- Born: John Evans Kwadwo Bosompem 1940 Ghana
- Died: 2002 (aged 61–62)
- Other name: Santo
- Citizenship: Ghanaian
- Occupations: Actor, comedian
- Years active: 1962-2002
- Notable work: Efiewura

= Bob Santo =

Ghanaian comedian and actor (1940–2002)

John Evans Kwadwo Bosompem (/en/)
(1940–2002), also professionally known as Santo or Bob Santo, was a Ghanaian comedian and an actor. He featured in film speaking Akan. He usually acted with his close compatriot, Judas

==Career==
Santo was famous in the early 2000's with his friend Judas in movie production, acting, and theater.
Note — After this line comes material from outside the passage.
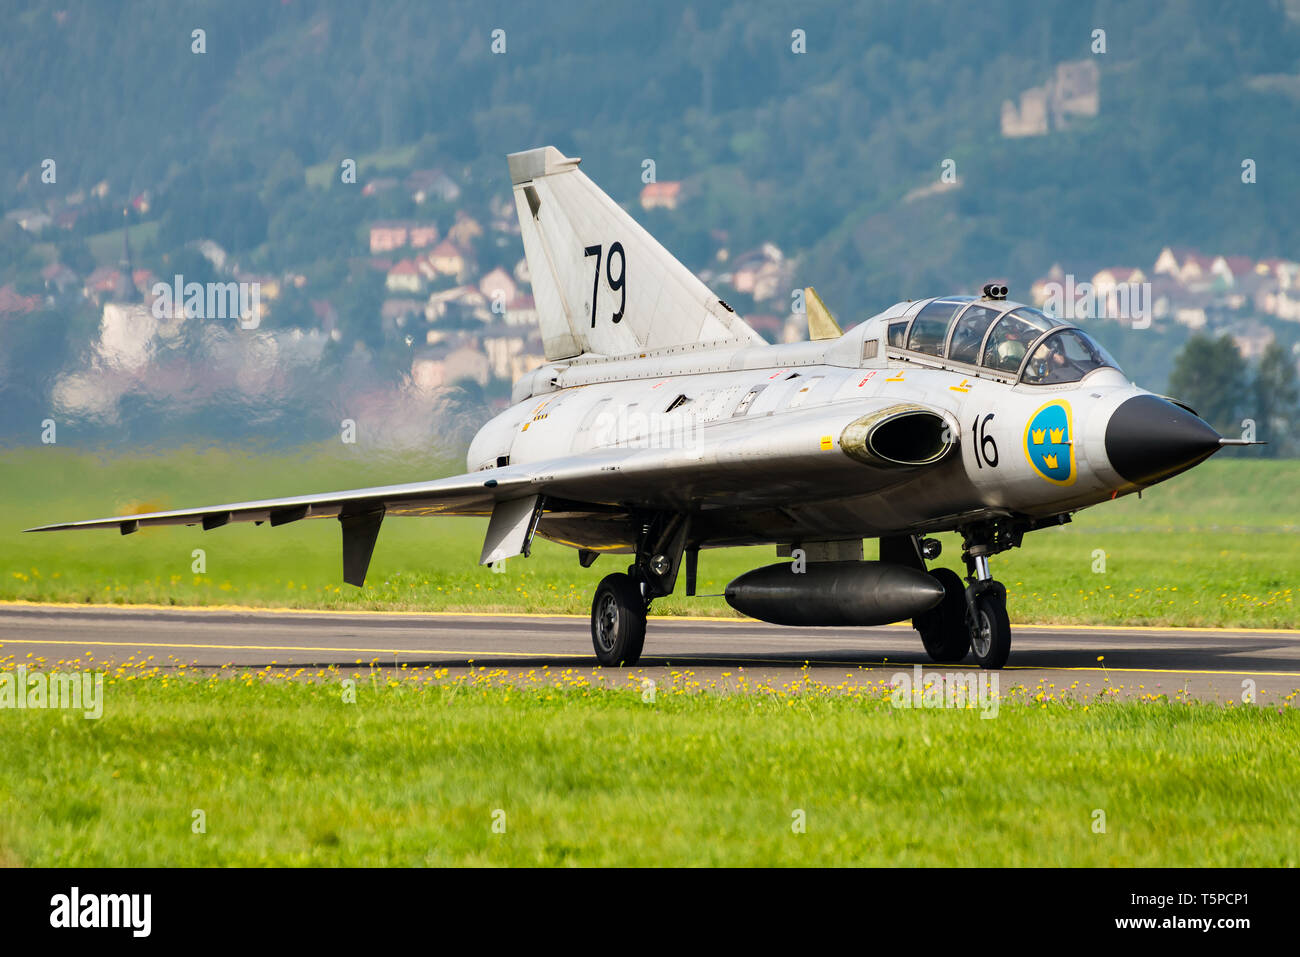 A Saab 35 Draken supersonic aircraft of the Swedish Air Force Historic Flight. Stock Photo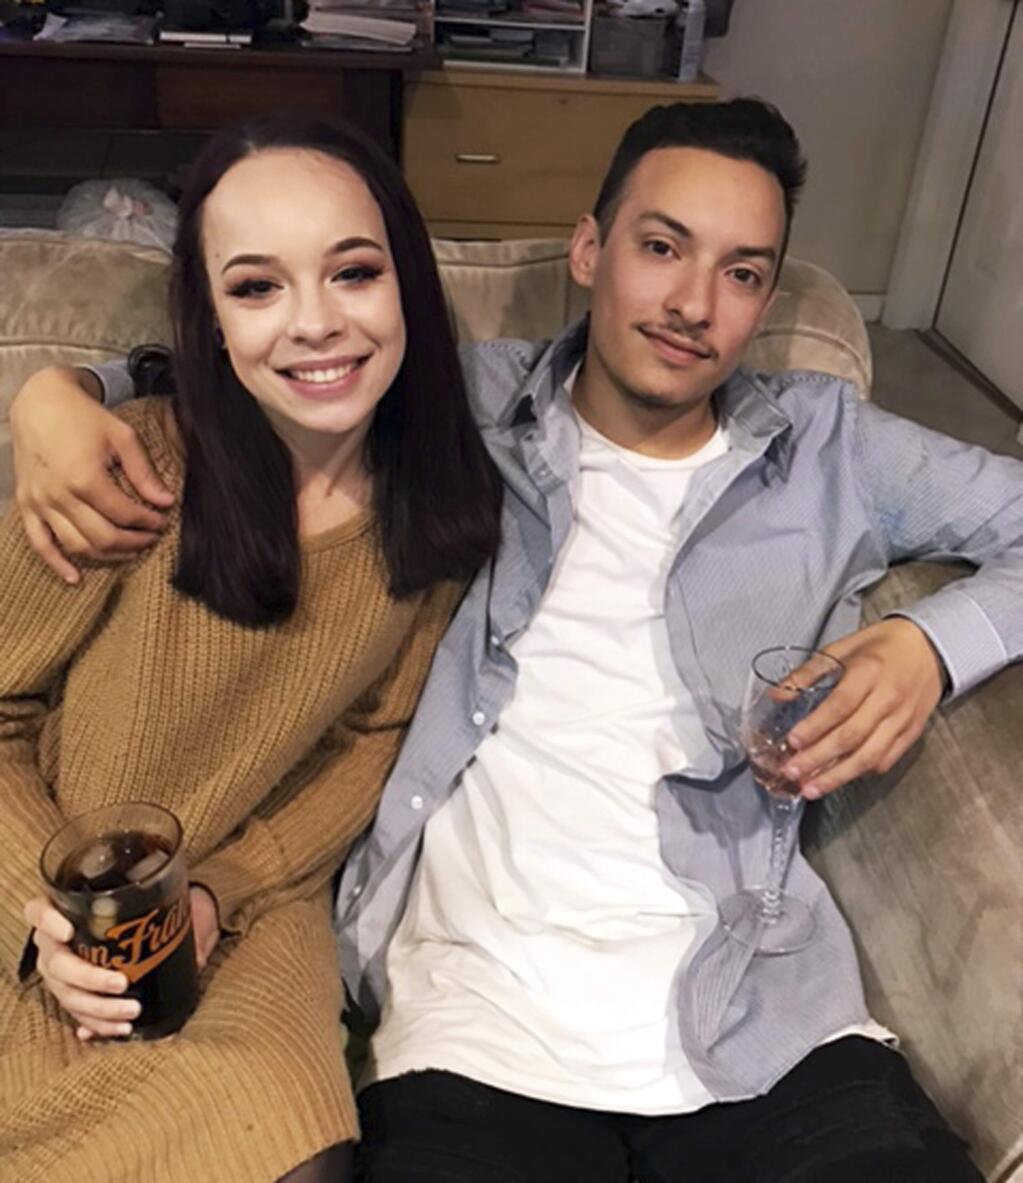 This undated photo provided by Kathy Vega shows Michela Gregory and Alex Vega. As of Tuesday, Dec. 6, 2016, Gregory was confirmed dead and Vega remained listed as missing in the disastrous fire that swept through an Oakland, Calif., warehouse party, killing dozens. (Kathy Vega via AP)

He was the leader of the Omintiminim Concert Party in 1995 when he and his friend Abusapanyin Judas went into film acting and concert party performance.

==Filmography==

- 419
- Abawa Mary
- Banker to Banker.
- Double Sense
- Asem
- Efiewura
- Key Soap Concert Party
- Landlord
- Marijata (1, 2 and 3)
- Okukuseku (1, 2 and 3)
- Sika
- That Day
- Hard Times
- Lucifer

== Death ==
Santo suffered and died on 30 May 2002 from a disease known as jaundice. He was 62 and was survived by two wives and three children.